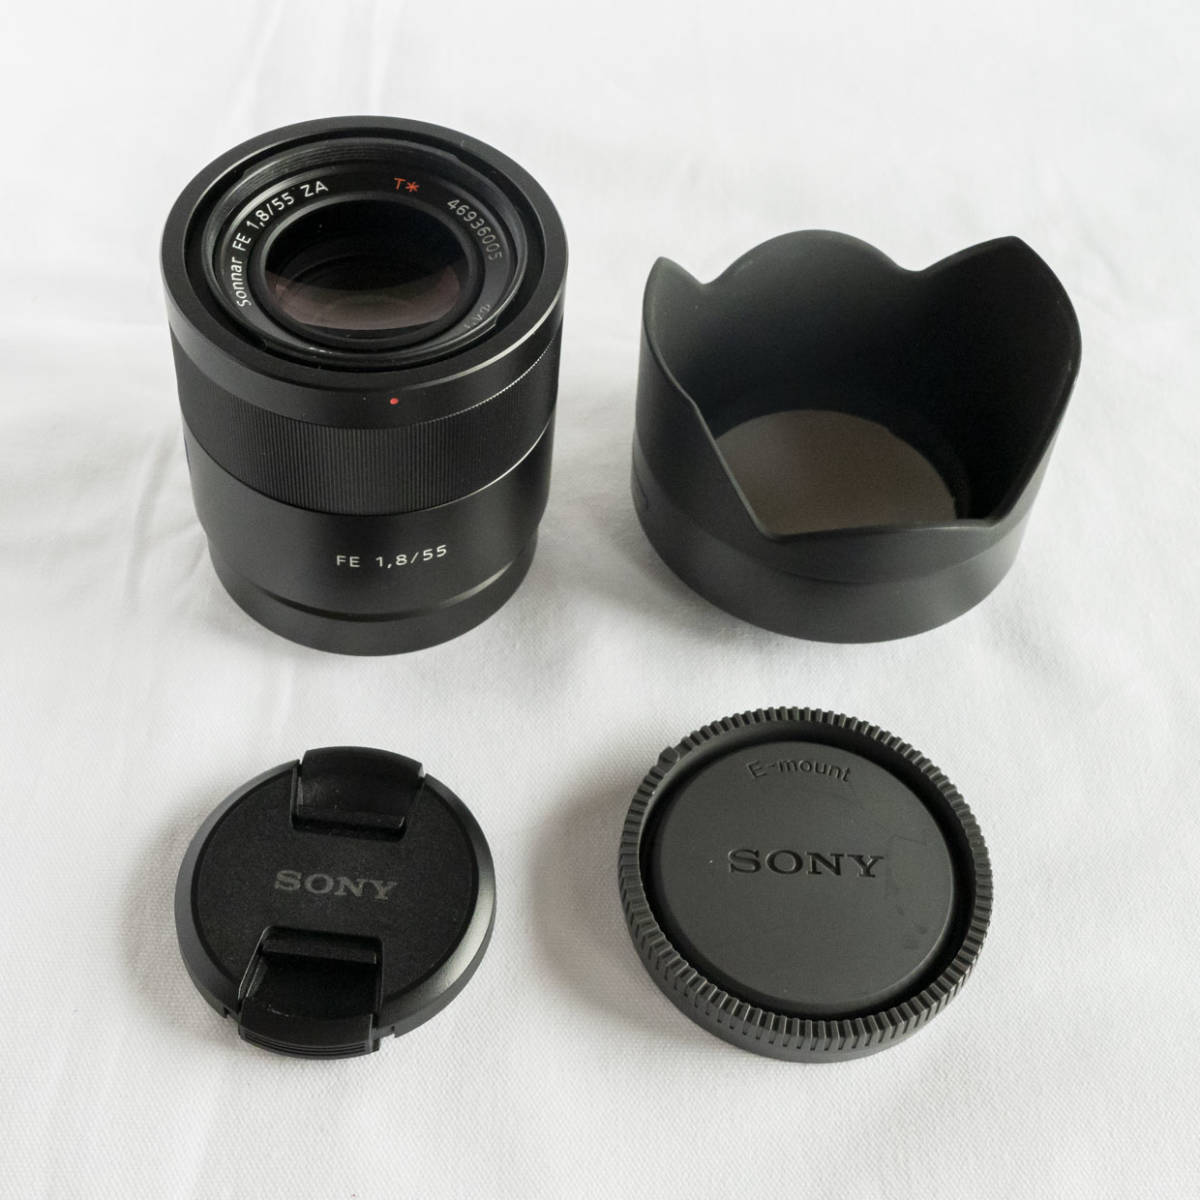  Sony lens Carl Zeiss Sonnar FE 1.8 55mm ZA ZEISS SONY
* * *
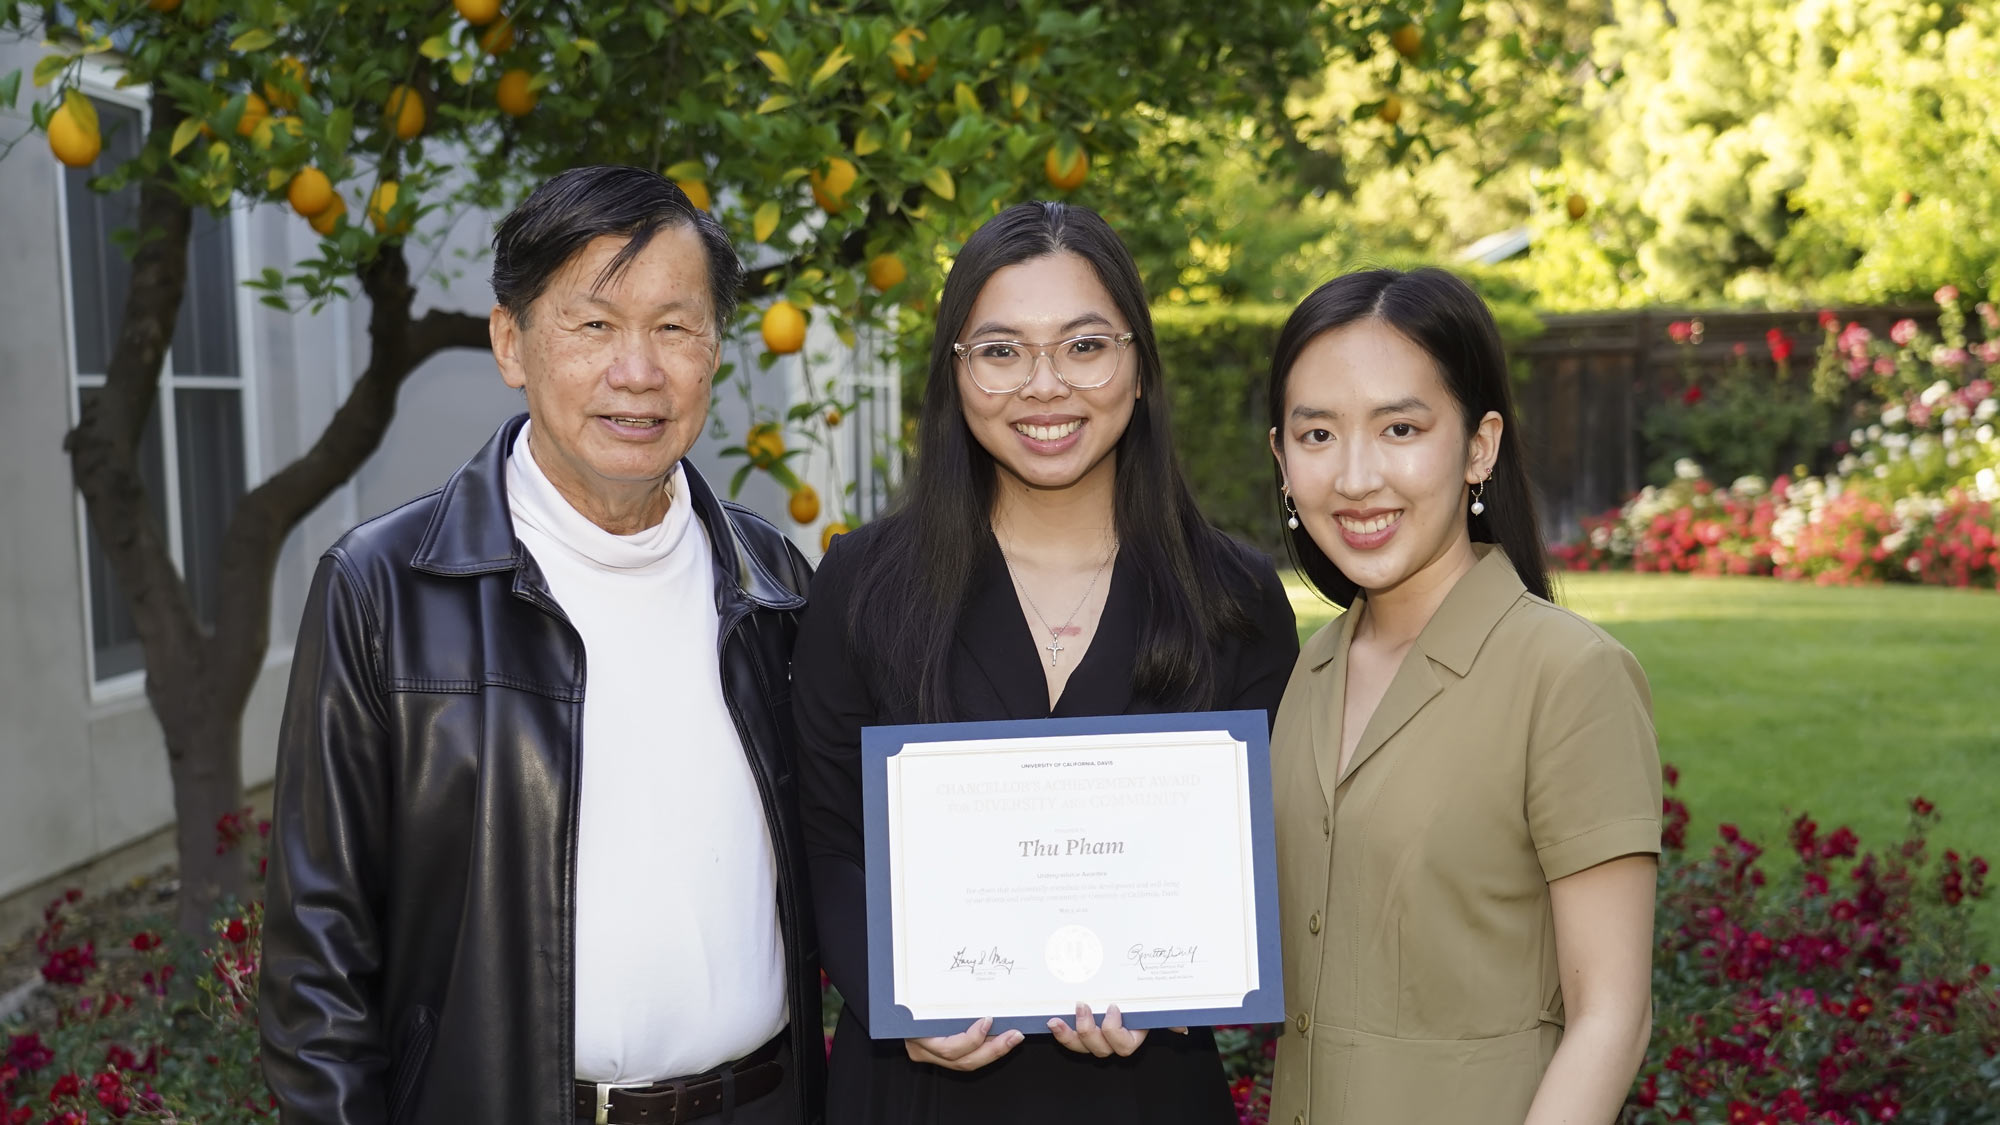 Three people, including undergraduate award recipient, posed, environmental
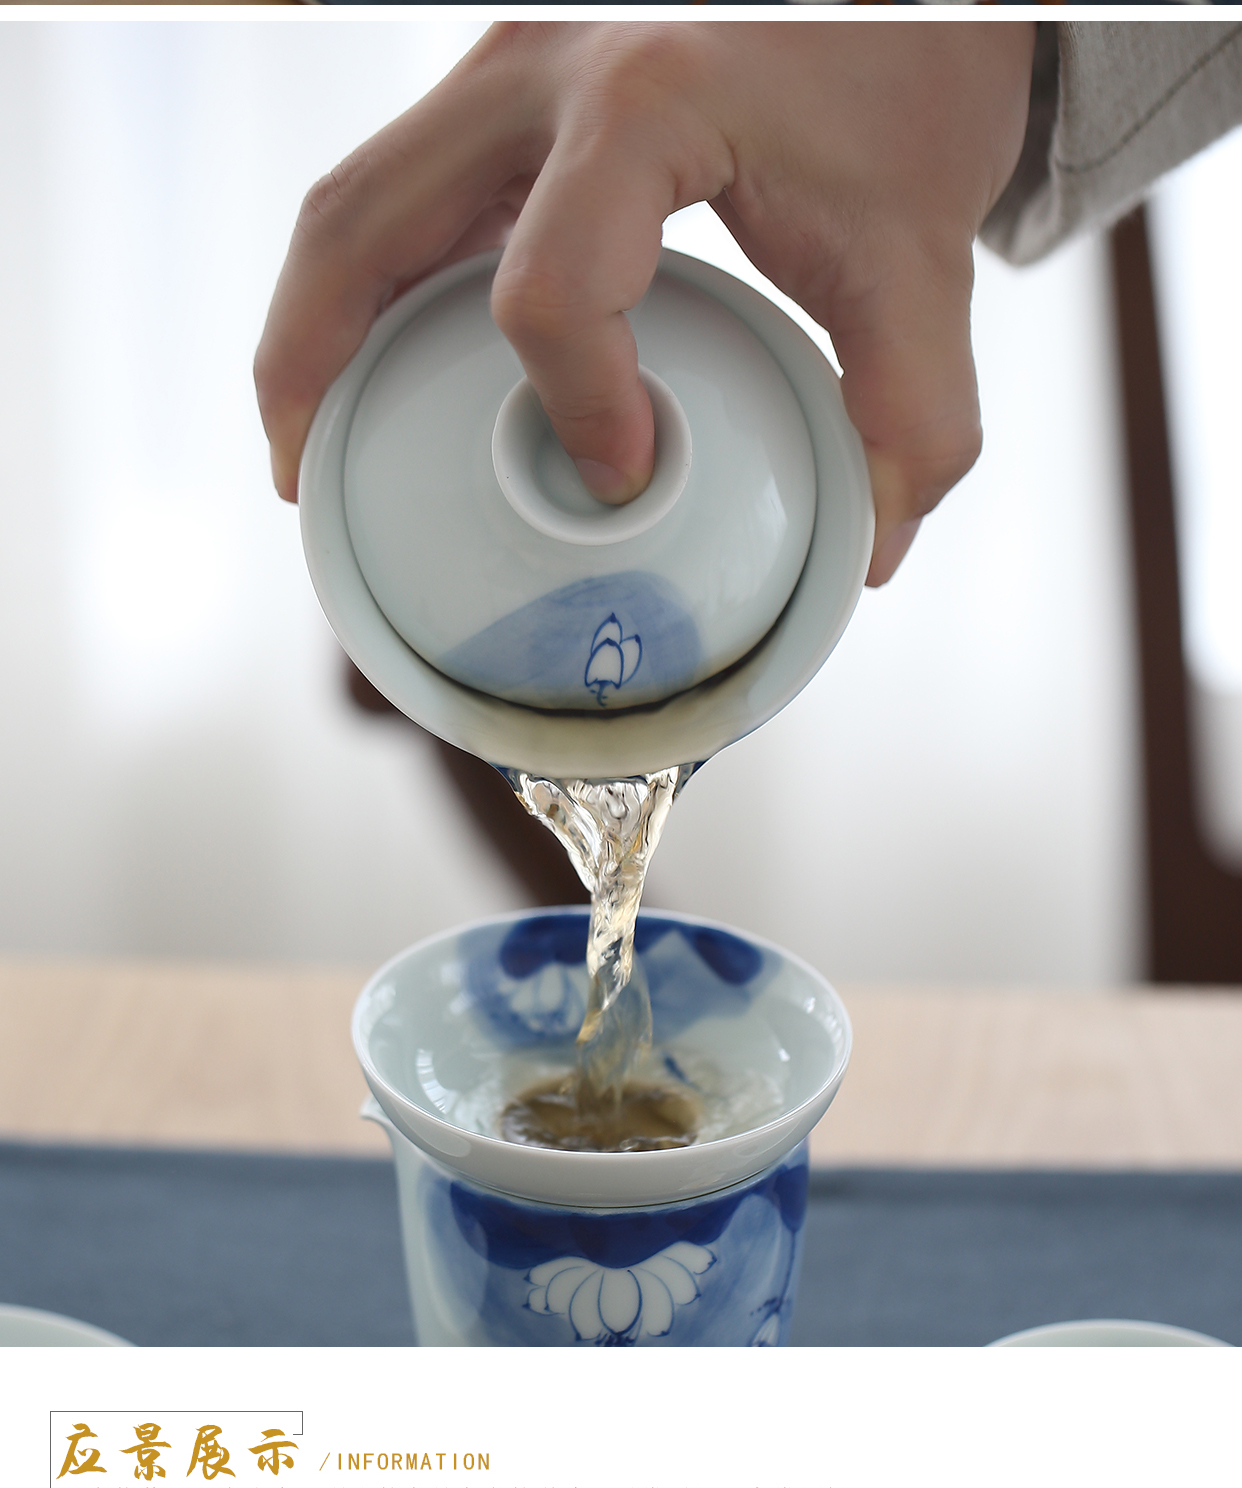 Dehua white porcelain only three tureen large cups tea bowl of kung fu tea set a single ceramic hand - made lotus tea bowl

* **What you are asked to do**
Given the entries above, transcribe exactly the lines from the one holding "Three people, including" through the one holding "Dehua white porcelain"; pictures do not belong in the transcription.

* **Completed exercise**
 Three people, including undergraduate award recipient, posed, environmental
 Dehua white porcelain only three tureen large cups tea bowl of kung fu tea set a single ceramic hand - made lotus tea bowl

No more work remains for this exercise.